I am going to give up JMRI. hwell: I think that it is a wonderful program and one can't beat the cost but, it is very easy to destroy much work. Hopefully I haven't fried all 4 decoders. I was setting up a brand new Bachmann 2-6-0 Alco and I told JMRI Decoder Pro to write to all sheets and I have not a clue what else I told it to do. Now, the other 3 locos as well as the 2-6-0 do not respond.:dunno: On some, the headlight is on and they are sitting there waiting for a NCE Powercab command but nothing. I got out a put away loco and tested it on my test track and all was good. NCE PowerCam is good.
I was so frustrated that I had to leave and vent! :smilie_daumenneg: Hopefully all I did was mess up the cv's. When I get over my anger at myself I will reset to factory defaults and see if all is good. I am hopinghwell: This hobby can be a real trial for an old man who has fat fingers and is losing his mind to the fog of old age.:smilie_daumenneg::thumbsdown::thumbsdown:


----------



## crusader27529 (Apr 3, 2016)

On a healthy locomotive (no wiring issues or other problems), there is no way that a functional DCC system can damage a decoder by programming......

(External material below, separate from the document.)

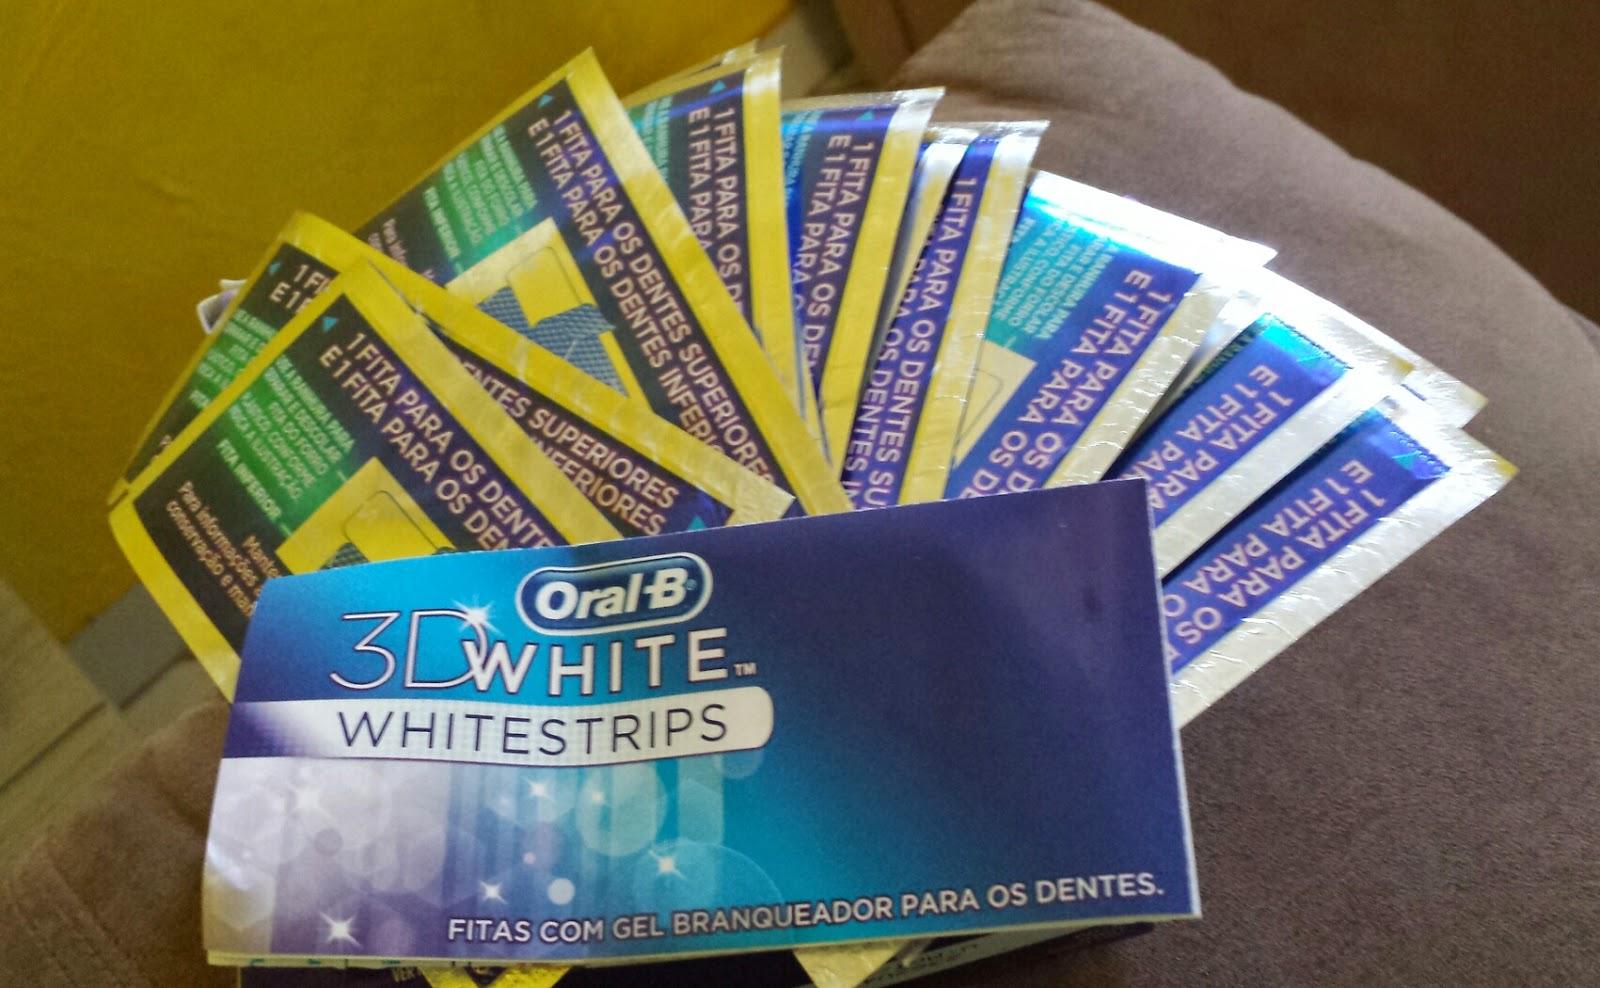 Rhayannyevely Testei E Aprovei 3d White Whitestrips Oral B

You should be able to restore the decoders with a reset.


----------



## RT_Coker (Dec 6, 2012)

DCC-CV frustrations could lead to better decoder design. Are you listening decoder manufacturers?

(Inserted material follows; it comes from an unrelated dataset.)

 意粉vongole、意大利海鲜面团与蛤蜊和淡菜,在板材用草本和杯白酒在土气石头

On the decoder I am working on all the CV’s resided in temporary-memory (RAM) and they are loaded from “permanent”-memory (EEPROM) at start-up and by command. They are only saved to “permanent”-memory by command. The temporary-memory (operating-characteristics) CV’s can also be changed by command during loco-operation. This makes changing/testing/saving CV’s much easier and more reliable.
Bob


----------